Small and Medium Enterprises (SMEs) are the backbone of India's growing economy, one of the fastest growing major economies in the world. Cited as the major drivers of economic growth & job creation, SMEs contribute approximately 29% to India's GDP. According to the latest 2017-18 annual report released by Government of India's Ministry of MSME, there are an estimated 63.4 million Micro and SMEs in India. Out of these, 19.7 million were in manufacturing, 23 million in trade, and 20.7 million in other services, and they collectively employ an estimated 111 million people, so the numbers are very significant.

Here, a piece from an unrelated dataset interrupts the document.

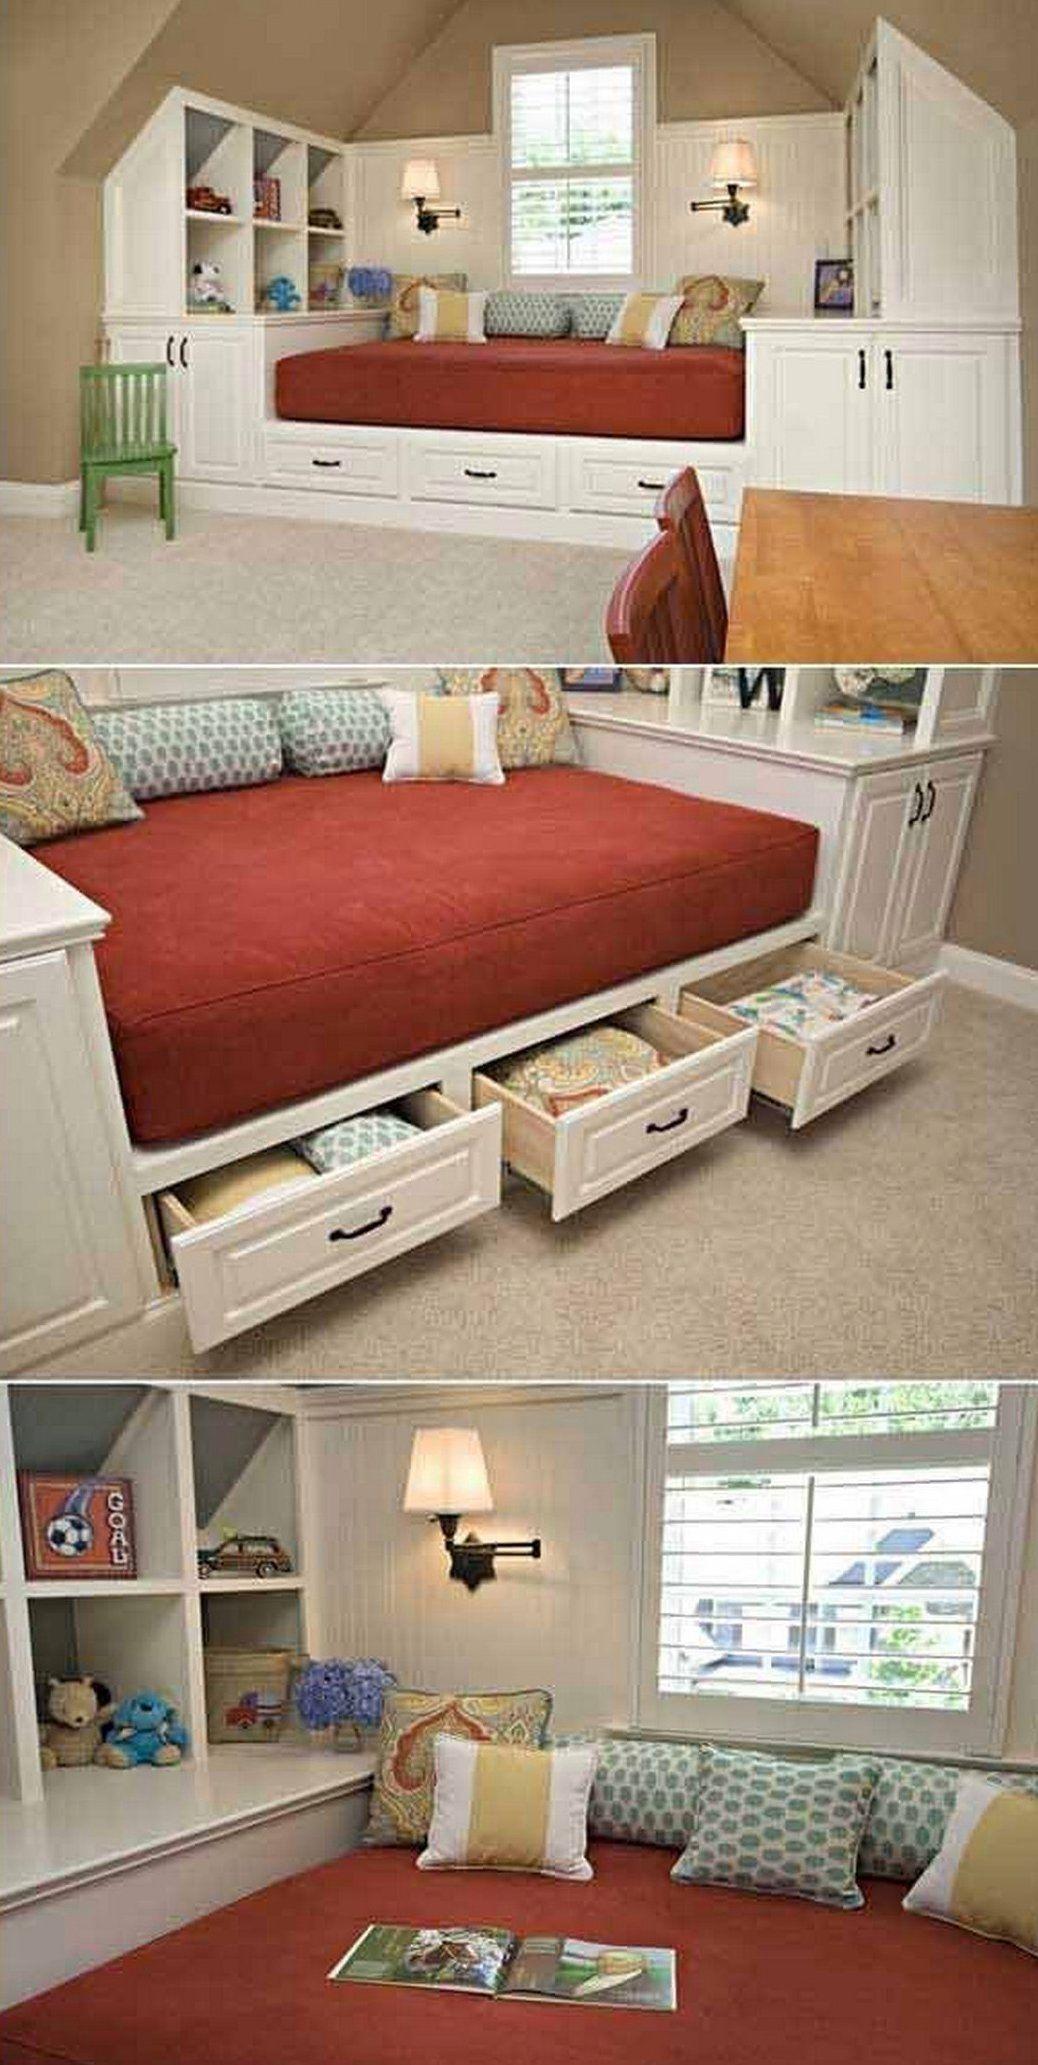 17 Stunning Diy Bedroom Storage Ideas 24988 Bedroom Storage Bedroomstorage The Bedroom Is One O In 2020 Small Room Diy Small Space Storage Bedroom Bedroom Storage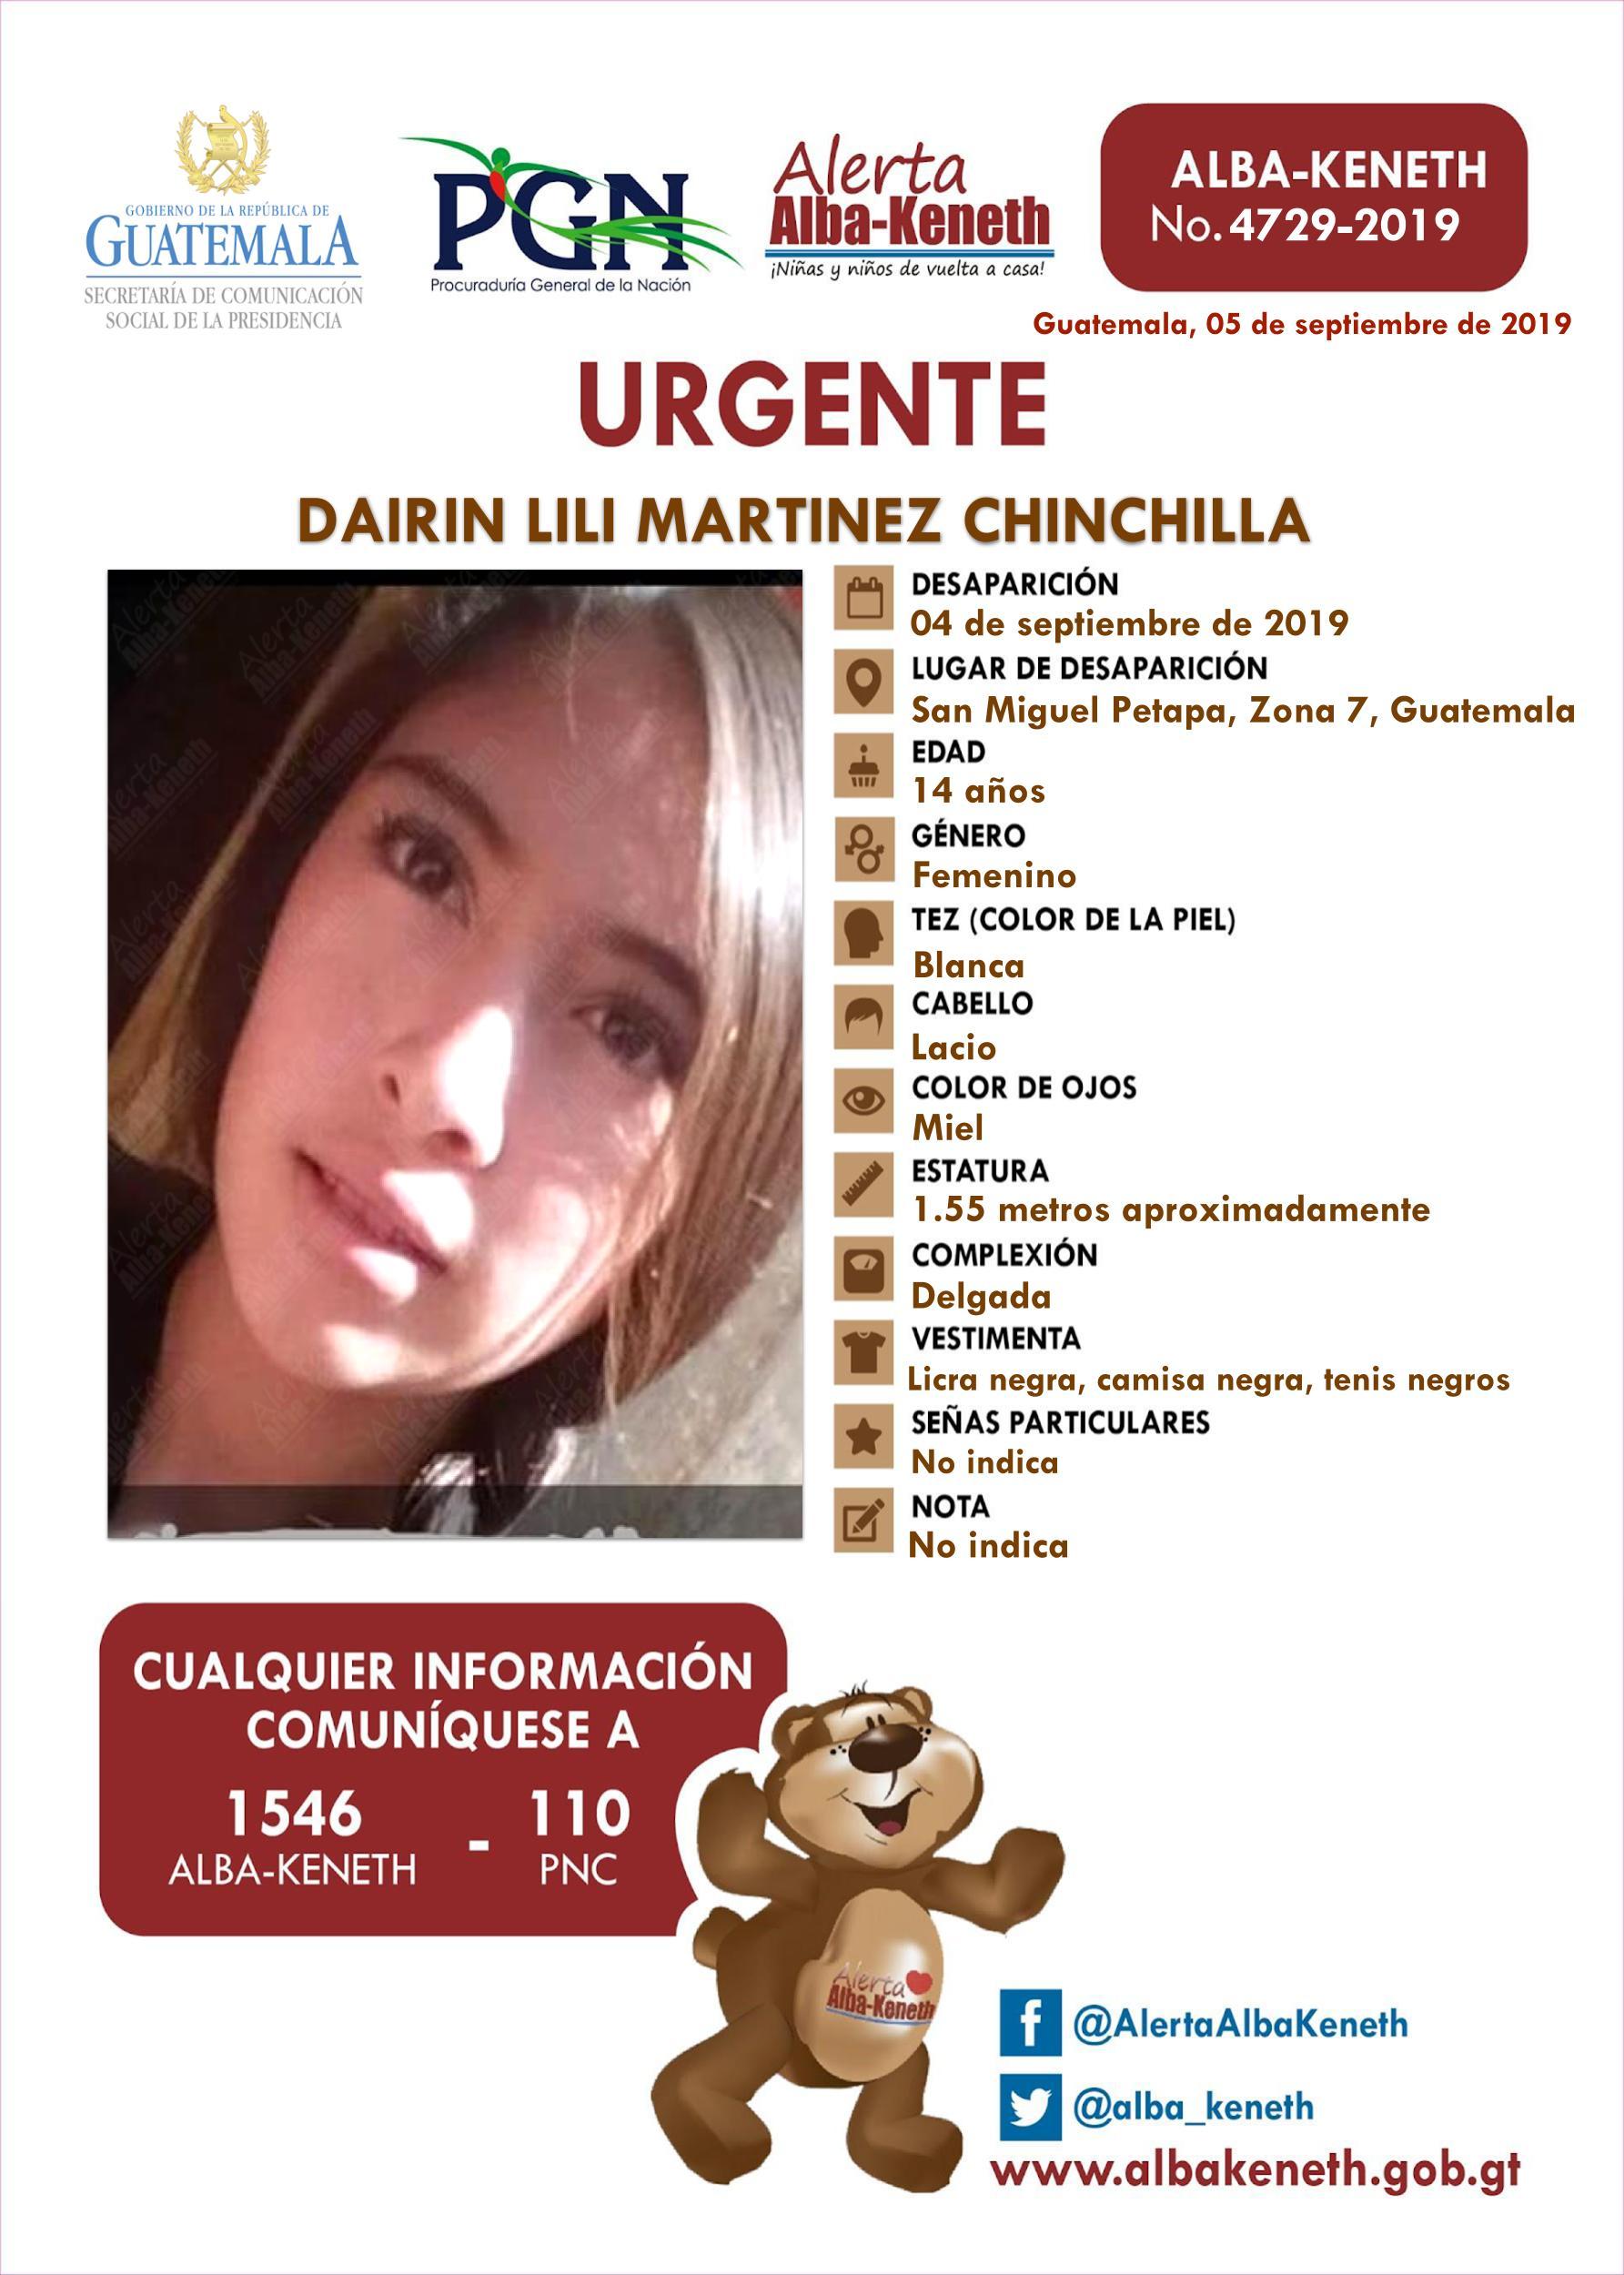 Dairin Lili Martinez Chinchilla

Despite the large numbers, the SME sector is very diverse and unstructured. As we all know, business requires capital to grow and expand. Most SME businesses are started on a shoe string budget and struggle to access credit for working capital financing from established credit providers like banks and NBFCs. This lack of credit in the Indian SME ecosystem, conservatively estimated at a $300 billion gap, is one of the biggest limiter of growth for small business. When SMEs fail to secure financing from regulated lenders, they are forced to borrow from unregulated sources at unfavourable and non-competitive terms, which lead to growth being stymie.
The other big limiter of growth for SMEs is the lack of use of automation tools like accounting software and digital payments in receiving and making payments. Lack of documented business history, accounts, and payments is a leading cause for regulated lenders to reject SME loan applications or drag decision making. The one's that accept applications struggle to properly evaluate the credit worthiness of a business and assign risk, which leads to longer than average decision cycles with similar results.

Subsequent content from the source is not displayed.